The summer sun shone fairly down, The wind blew from the south; As blue eyes gazed in eyes of brown, His kiss fell on her mouth. Alas! alas! the woe that comes from kisses on the mouth.

And now the autumn time is near, The lover roves away, With breaking heart and falling tear, She sits the livelong day. Alas! alas! for breaking hearts when lovers rove away.

LEAN DOWN

Lean down and lift me higher, Josephine! From the Eternal Hills hast thou not seen How I do strive for heights? but lacking wings, I cannot grasp at once those better things To which I in my inmost soul aspire. Lean down and lift me higher.

I grope along—not desolate or sad, For youth and hope and health all keep me glad; But too bright sunlight, sometimes, makes us blind, And I do grope for heights I cannot find. Oh, thou must know my one supreme desire— Lean down and lift me higher.
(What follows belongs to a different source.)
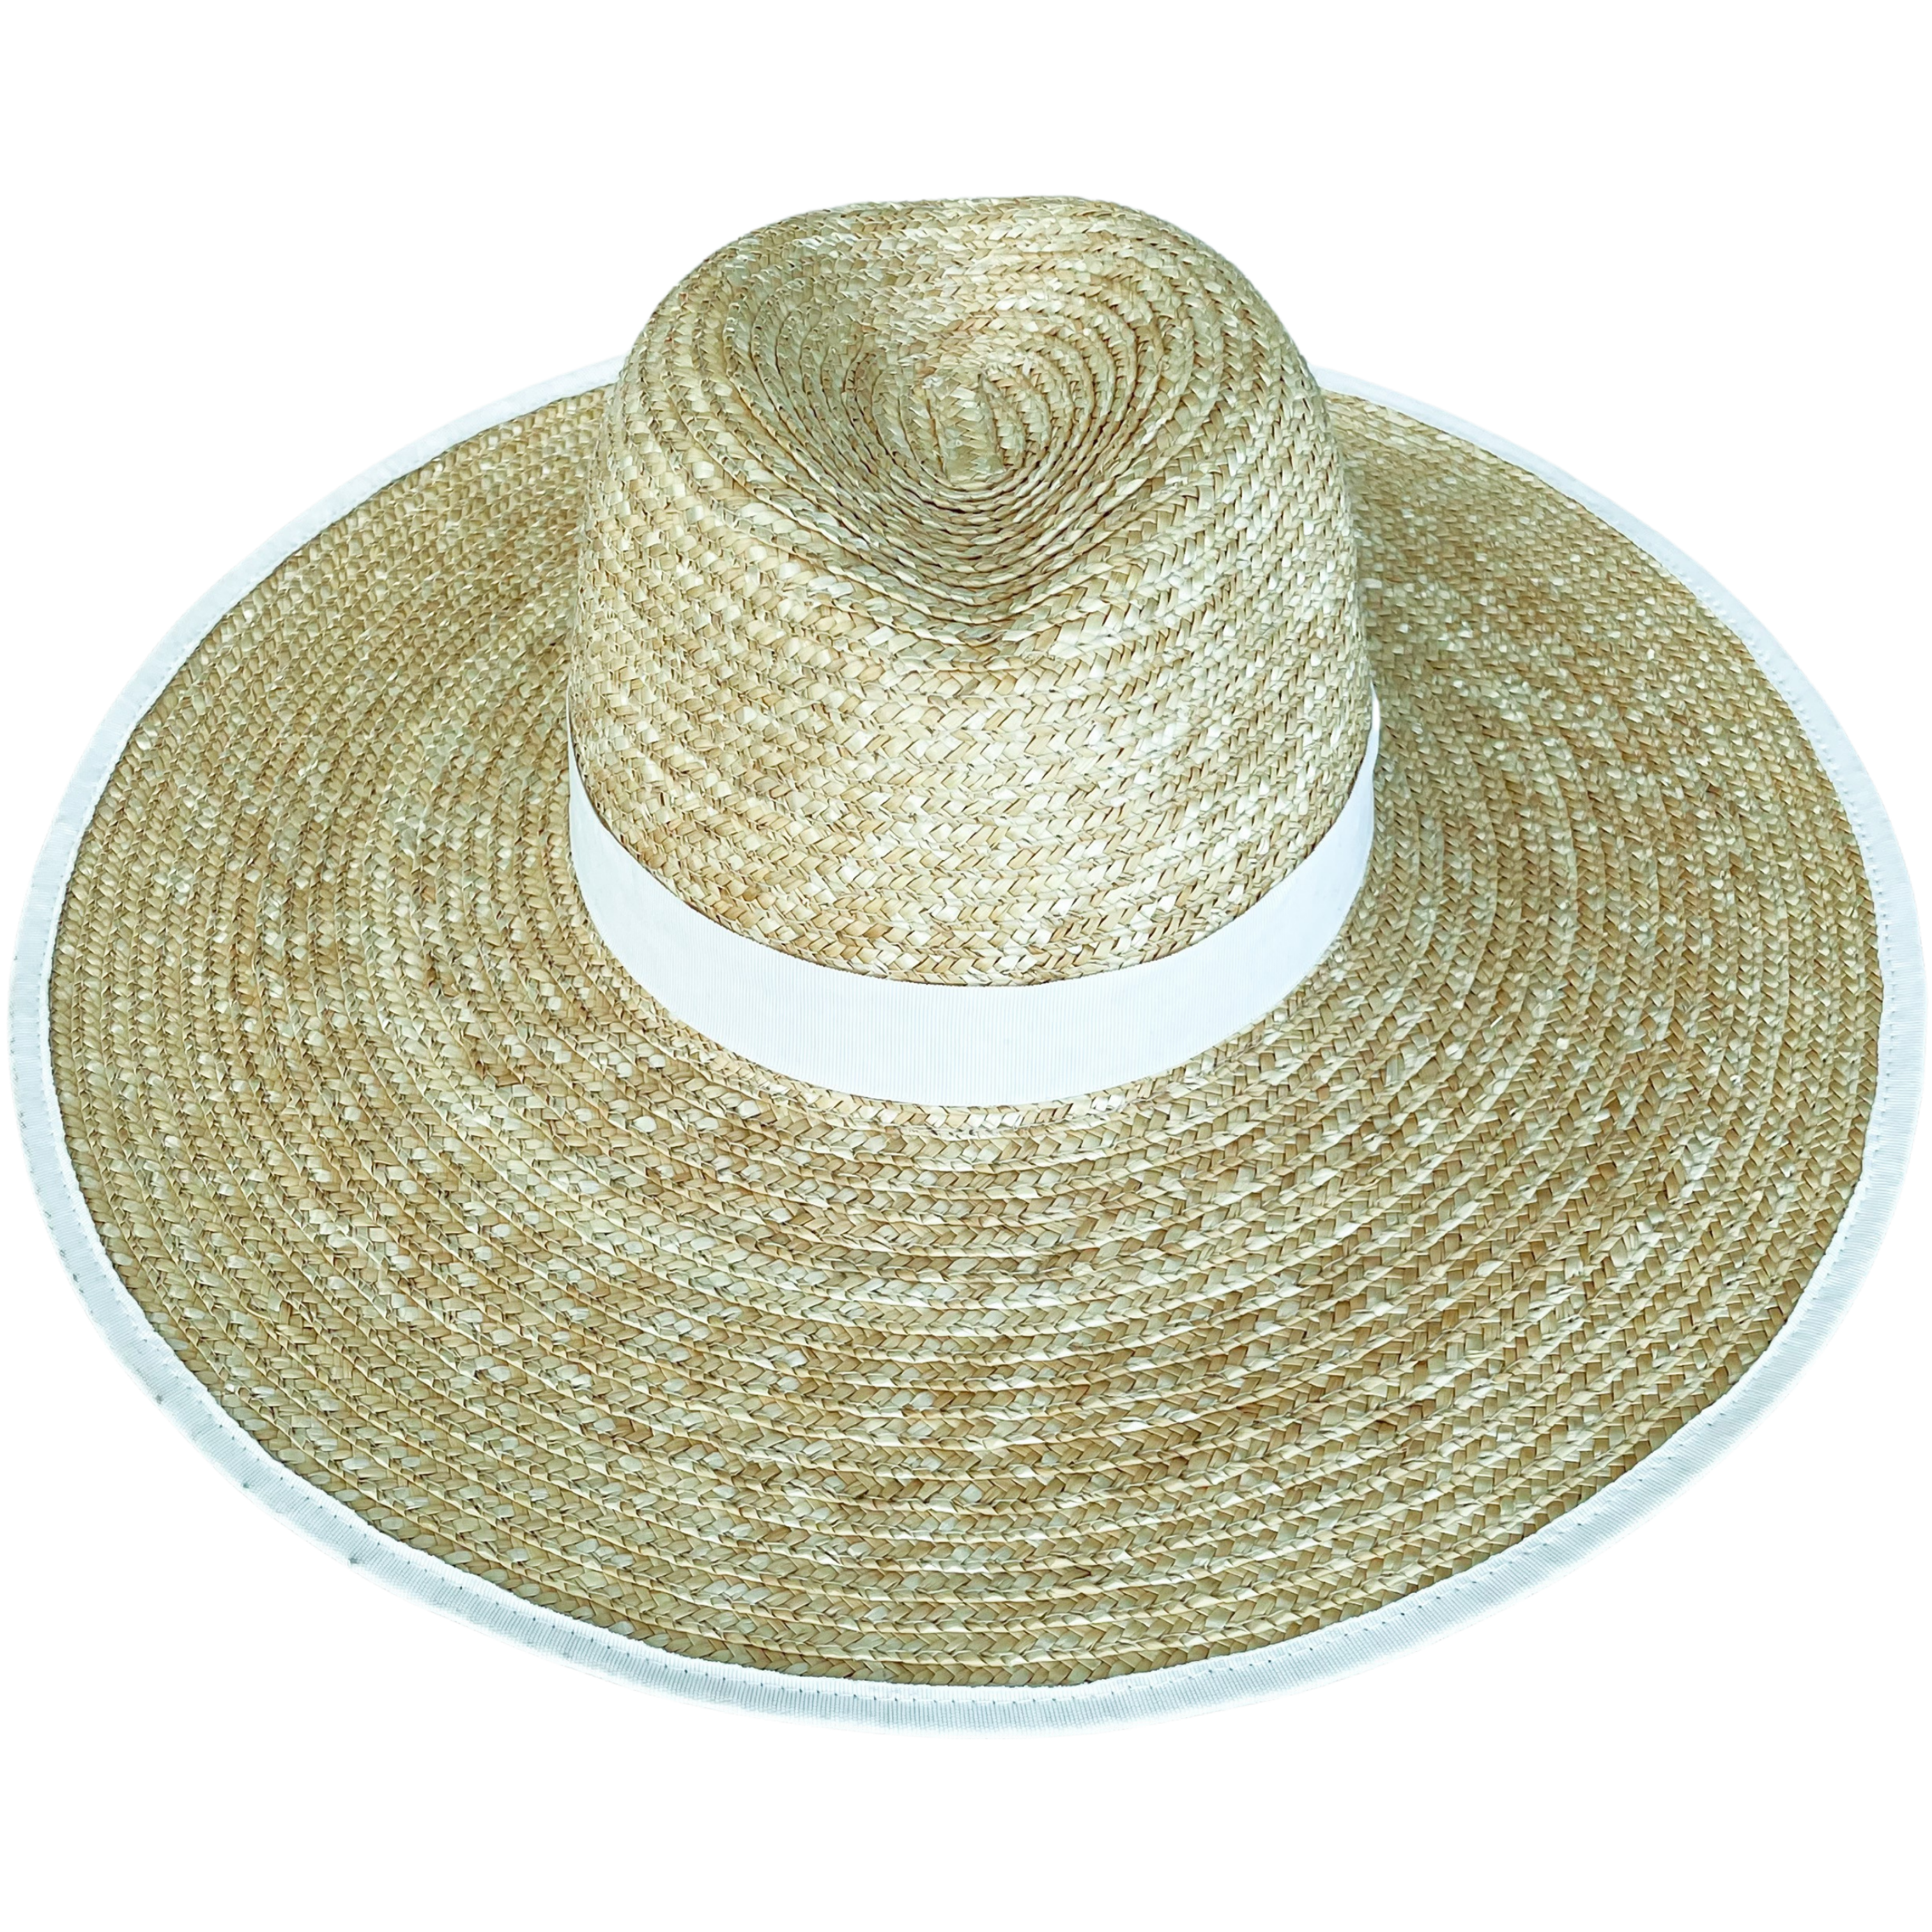 Elise fedora bridal straw hat large brim

Not long ago we trod the self-same way. Thou knowest how, from day to fleeting day Our souls were vexed with trifles, and our feet Were lured aside to by-paths which seemed sweet, But only served to hinder and to tire; Lean down and lift me higher.

Thou hast gone onward to the heights serene, And left me here, my loved one, Josephine; I am content to stay until the end, For life is full of promise; but, my friend, Canst thou not help me in my best desire And lean, and lift me higher?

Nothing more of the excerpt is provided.